BAD KREUZNACH. „Das Weingut. Aufbruch in ein neues Leben“. Dieser zweite Teil der Weingut-Saga aus dem Elsass, gerade druckfrisch im Goldmann-Verlag erschienen, lacht dem geneigten Leser auf der Verkaufsauslage in der Buchhandlung Rottmann entgegen. Ebenso strahlend beobachtet die Autorin Marita Spang alias Marie Lacrosse das Geschehen und begrüßt jeden Interessierten freundlich und zugewandt. Informativ, abwechslungsreich, sehr authentisch soll dieser Abend werden, in dessen Mittelpunkt Marie Lacrosses Protagonistin Irene steht. Sie, 1851 in einer Gebäranstalt geboren, anonym, armen Frauen vorbehalten in einer bigotten Welt, kommt als Dienstmädchen in das Weingut Wilhelm Gerbans, dessen Sohn Franz, der „reiche Erbe“, sich in Irene verliebt.
Angedacht ist eine wahre Liebesheirat der beiden jungen Menschen, deren Herkunft unterschiedlicher nicht sein könnte, doch nach der Enthüllung eines „furchtbaren Geheimnisses“ durch Wilhelm verlässt die schwangere Irene ihren Bräutigam wortlos. Einsam bringt sie ihren kleinen Fränzel zur Welt und tritt eine Stelle als Textilarbeiterin in einer Lambrechter Tuchfabrik an.
Die Lebens- und Arbeitsbedingungen dort sind unbeschreiblich, Irene muss sich 13 bis 15 Stunden täglich als Nopperin auf der Suche nach Web- und Färbfehlern verdingen, ihr Kind liegt derweil in der sogenannten „Stillstube“, die ihren Namen nicht verdient hat. Sie lernt Josef kennen, den Arbeiterführer mit Charisma, dessen Charme sie erliegt. Wird Irene Franz jemals wiedersehen? Werden sie ein gemeinsames Leben führen dürfen?
Marita Spangs Schreibstil ist lebendig und präzise, er nimmt den Zuhörer direkt hinein ins Geschehen, ihre Stärke liegt sicherlich in der sehr gründlichen Recherchearbeit, die nicht allein Reisen an historische Schauplätze wie etwa das Museum Euskirchen oder die New Lanark Mill in Schottland, seit 2001 von der Unesco als Weltkulturerbe anerkannt, vorsieht.

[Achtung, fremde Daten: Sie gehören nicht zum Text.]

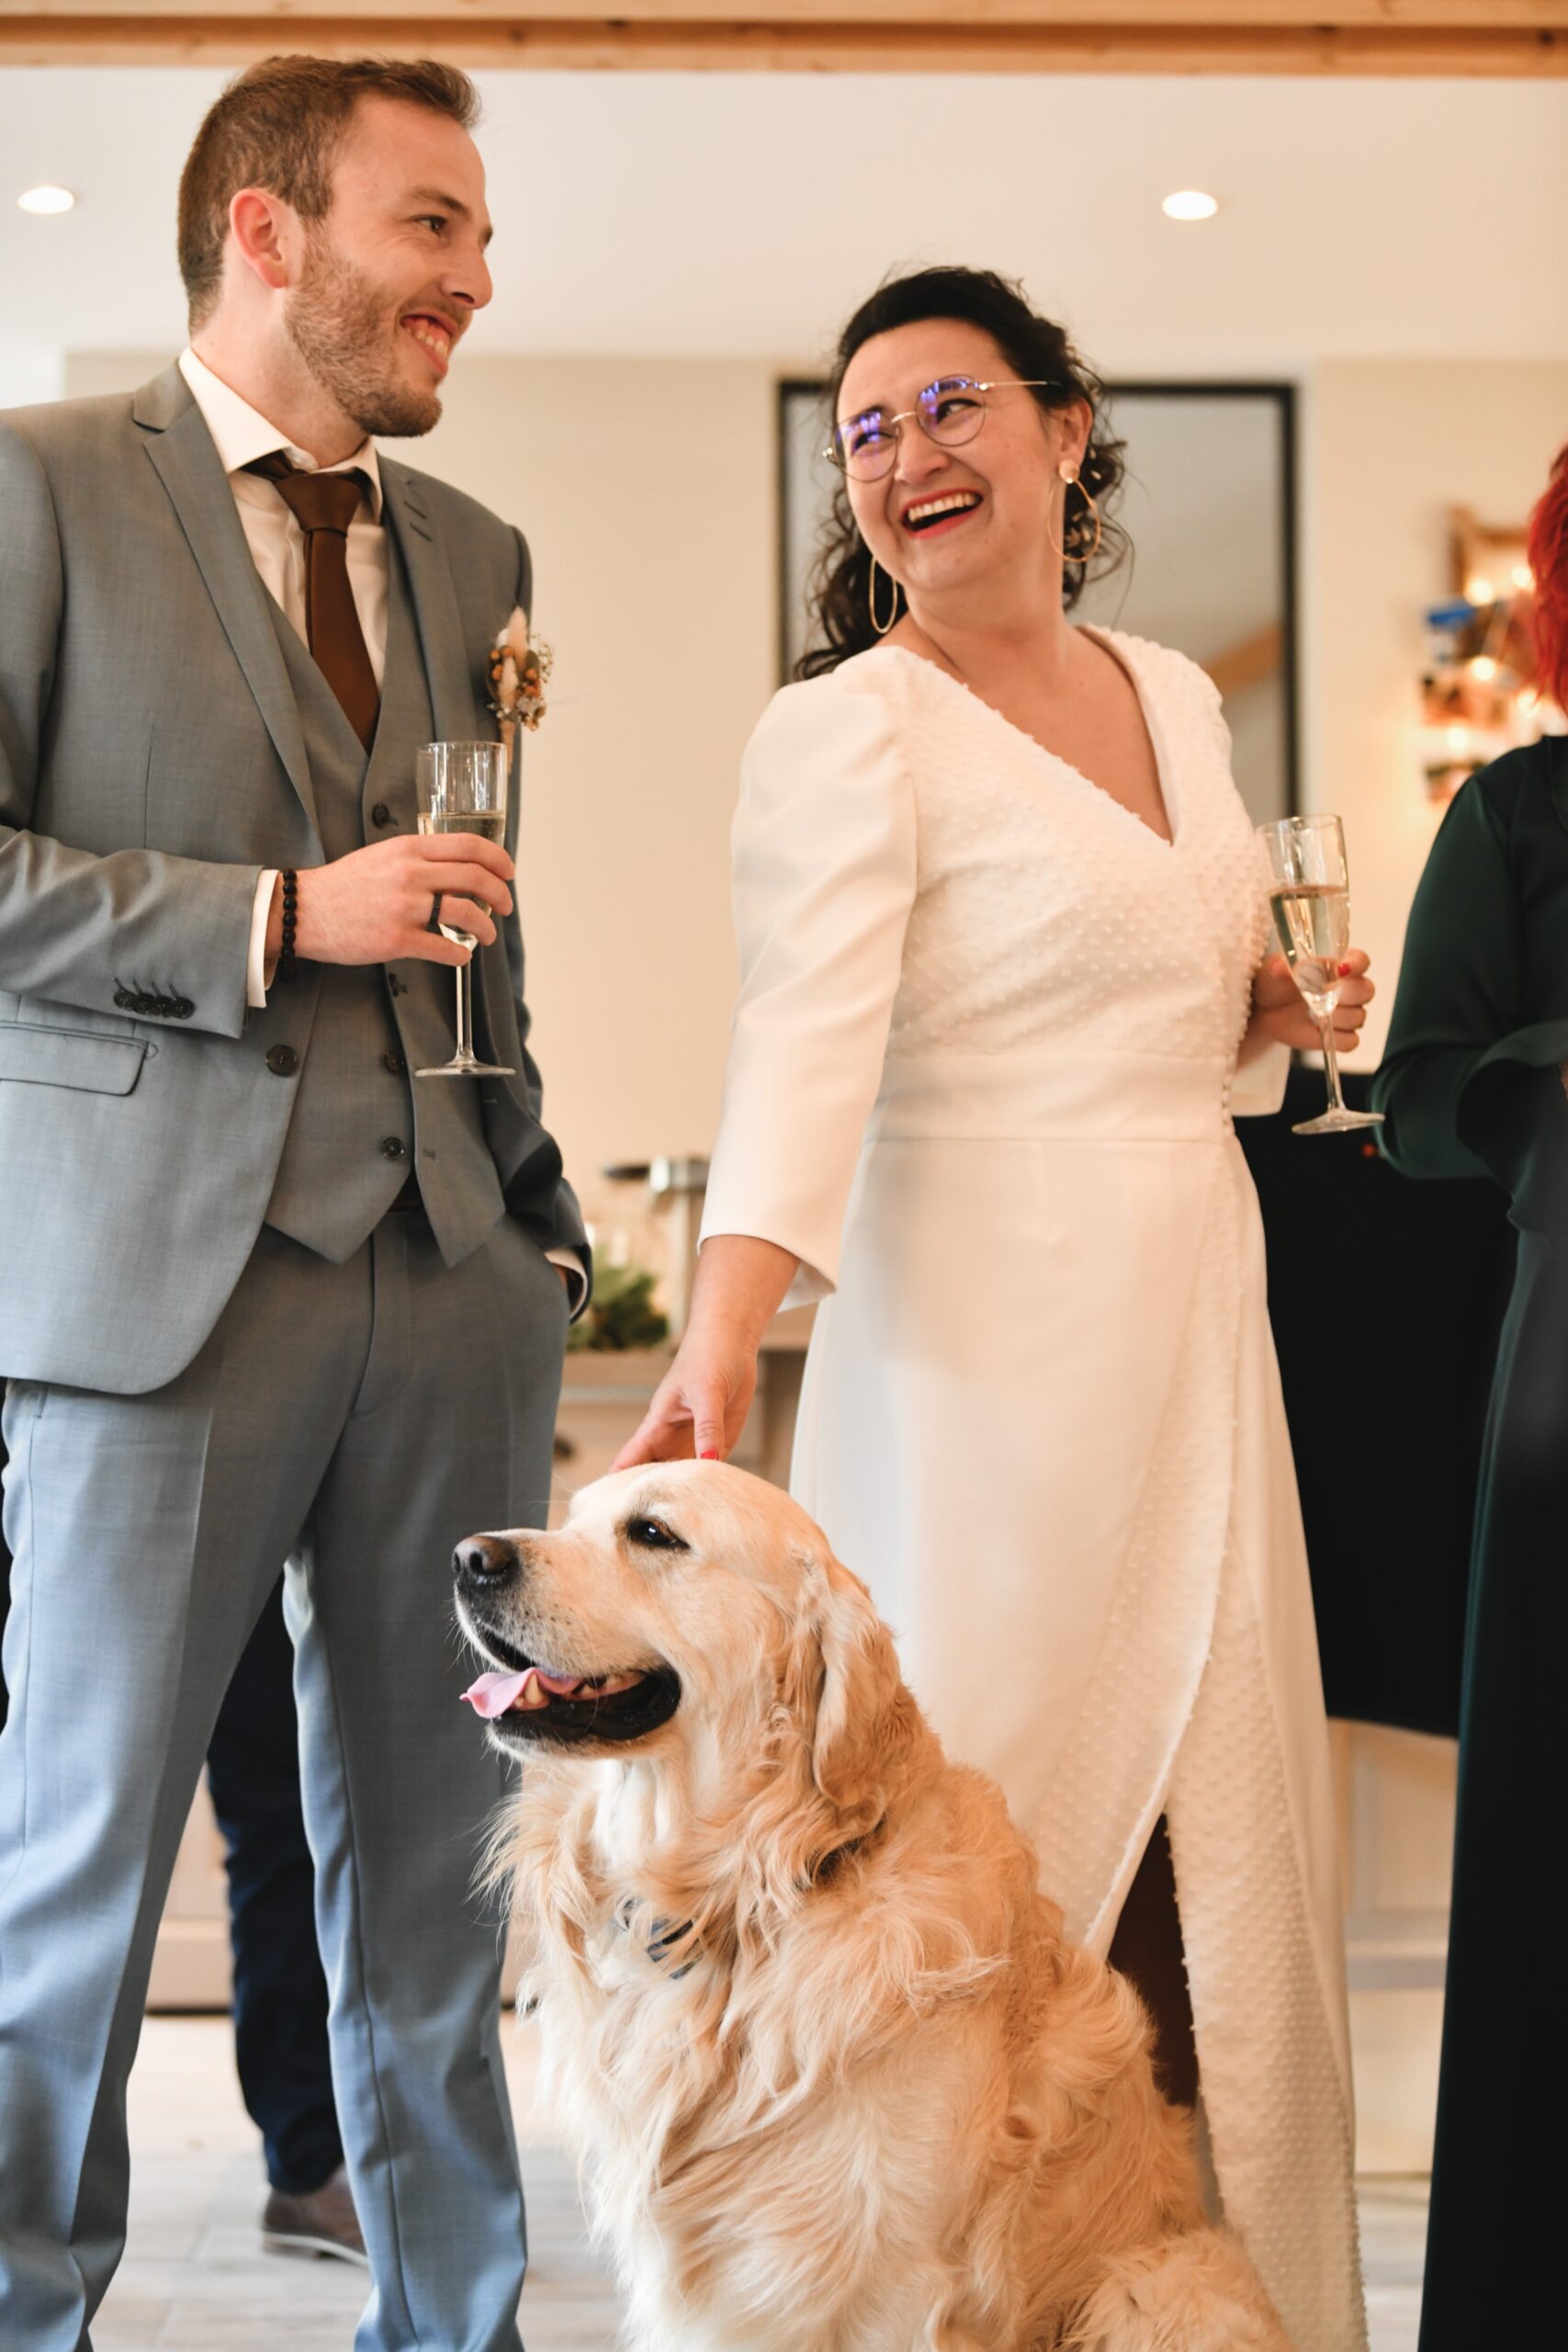 newlyweds-and-their-dog-at-the-wedding-2022-08-01-02-45-07-utc

Unzählige Quellen liegen ihren Büchern zugrunde, Bildmaterial, eigene Fotografien, Zitate, die, so sagt sie selbst, direkt „Szenen in ihr entstehen lassen“. Einzelne Textpassagen aus ihrem jüngsten Werk liest sie mit klarer Stimme vor, immer wieder nimmt sie Bezug auf das gerade Gesagte, sie klärt auf und bereichert. Der deutsch-französische Krieg 1870, die Fabrikarbeit im 19. Jahrhundert und das schwere Schicksal der Arbeiterfrauen, deren Männer nur allzu oft ihr Elend in den Kneipen „ertränken“ und zuhause eine große Gewaltbereitschaft aufzeigen, sind nur einige ihrer Themen.

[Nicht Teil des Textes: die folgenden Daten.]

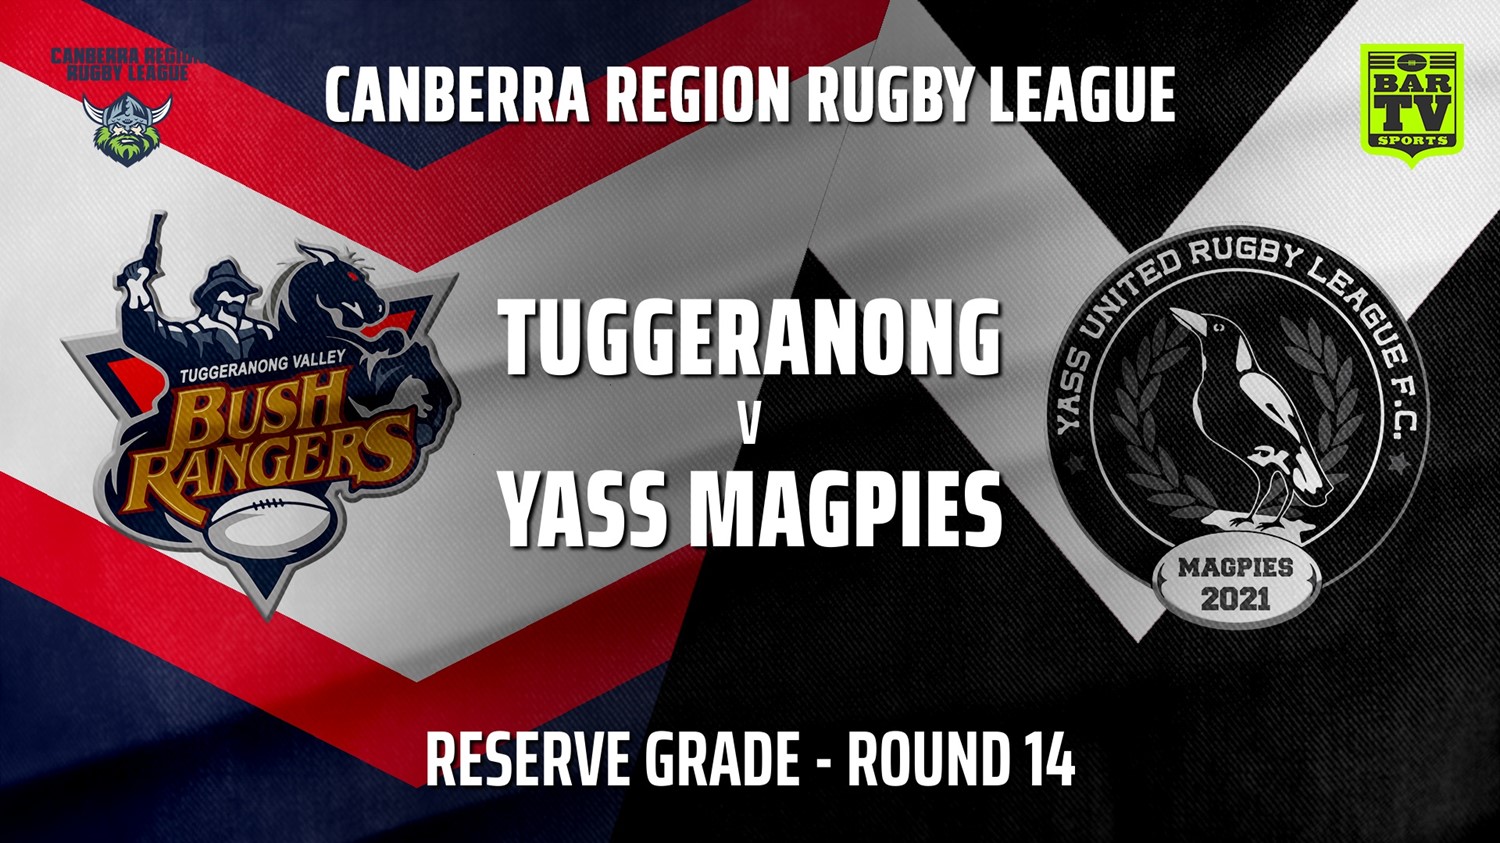 210731-Canberra Round 14 - Reserve Grade - Tuggeranong Bushrangers v Yass Magpies Slate Image

Marita Spang nimmt Bezug auf das „Phänomen des Pauperismus“, der Lohn einer gesamten Familie reicht nicht aus, um ein menschenwürdiges Leben führen zu können. Kinder müssen schon in ganz jungen Jahren zu arbeiten beginnen, Ammoniak, Ameisen- und Essigsäure stehen für jeden zugänglich herum, Hautkrankheiten und Tuberkulose sind weit verbreitet, von Transmissionsriemen und heißen Rohren geht große Gefahr aus, die Fabrikherren sind wahre „Leuteschinder“.

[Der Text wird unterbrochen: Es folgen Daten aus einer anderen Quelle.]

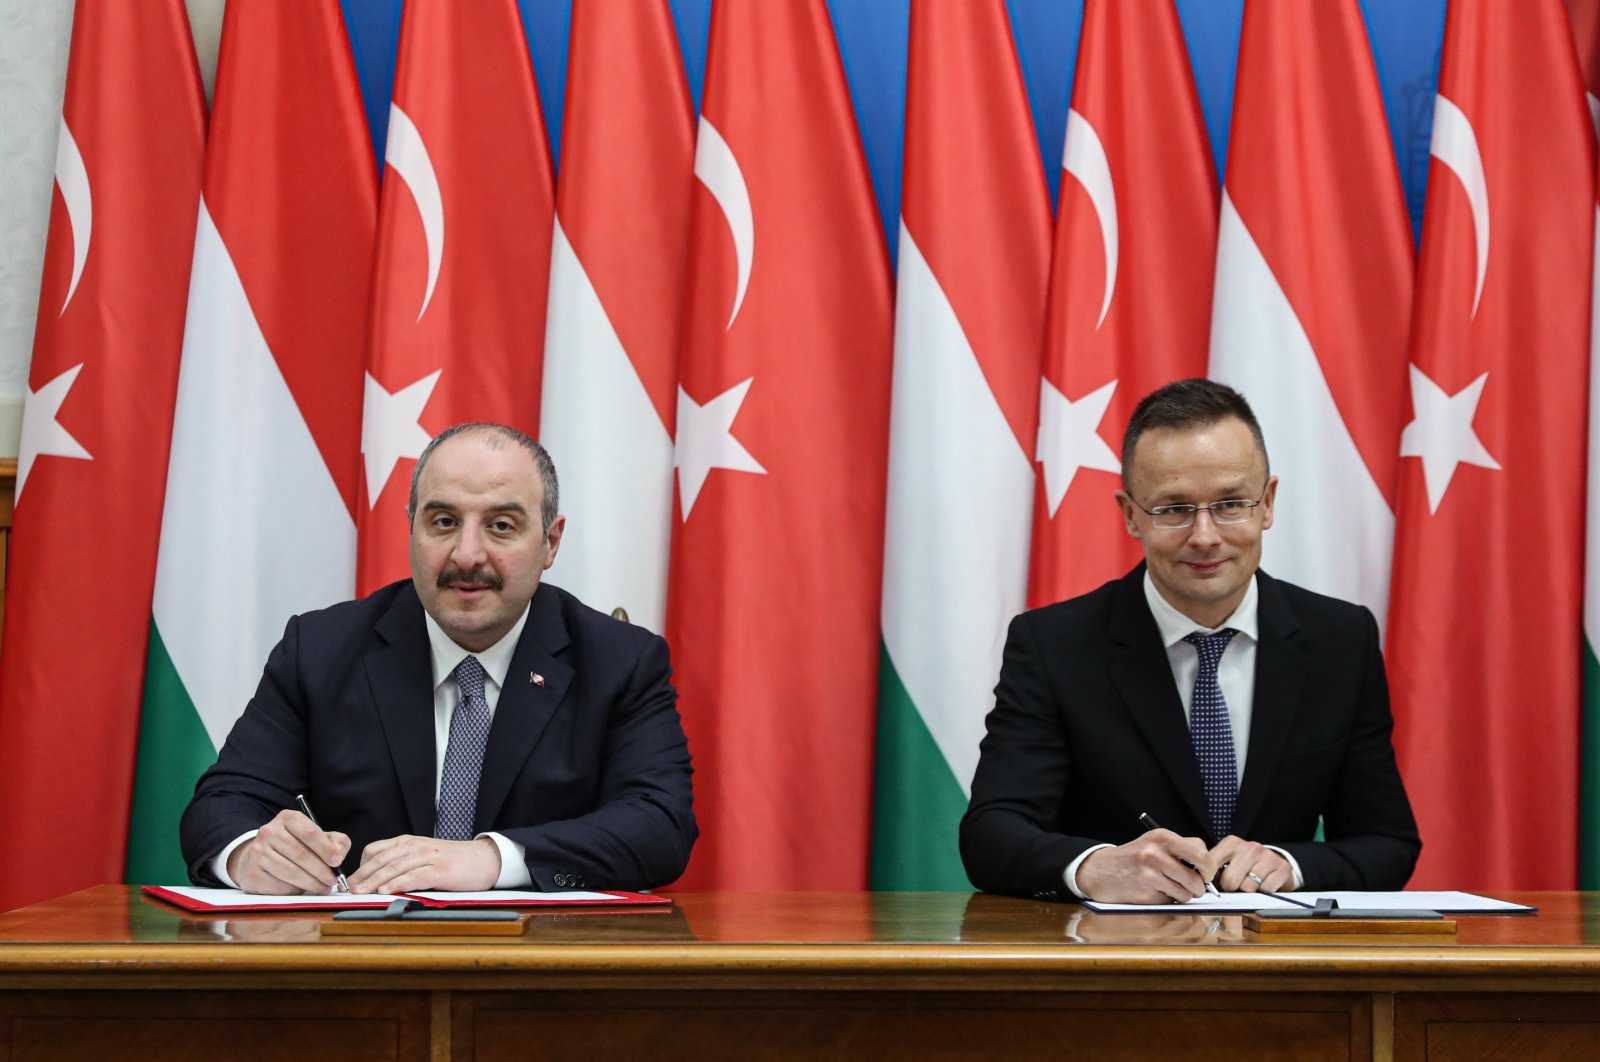 Türkiye can supply Hungary with HIMARS alternatives: Minister

All diese Themen beleuchtet die Autorin in ihrem Roman und entwirft ein klares Bild einer Zeit, die heute unvorstellbar erscheint – und doch gar nicht ist. Ihre eigene Betroffenheit münzt sie um in einen souveränen Umgang mit den vorgefundenen Bedingungen, die auch die Psychiatrie dieser Zeit und die Situation im annektierten Elsass in den Blick nimmt. Ein großartig geschriebenes Buch, das Spannung erzeugt und Fiktion und Wahrheit gekonnt verknüpft.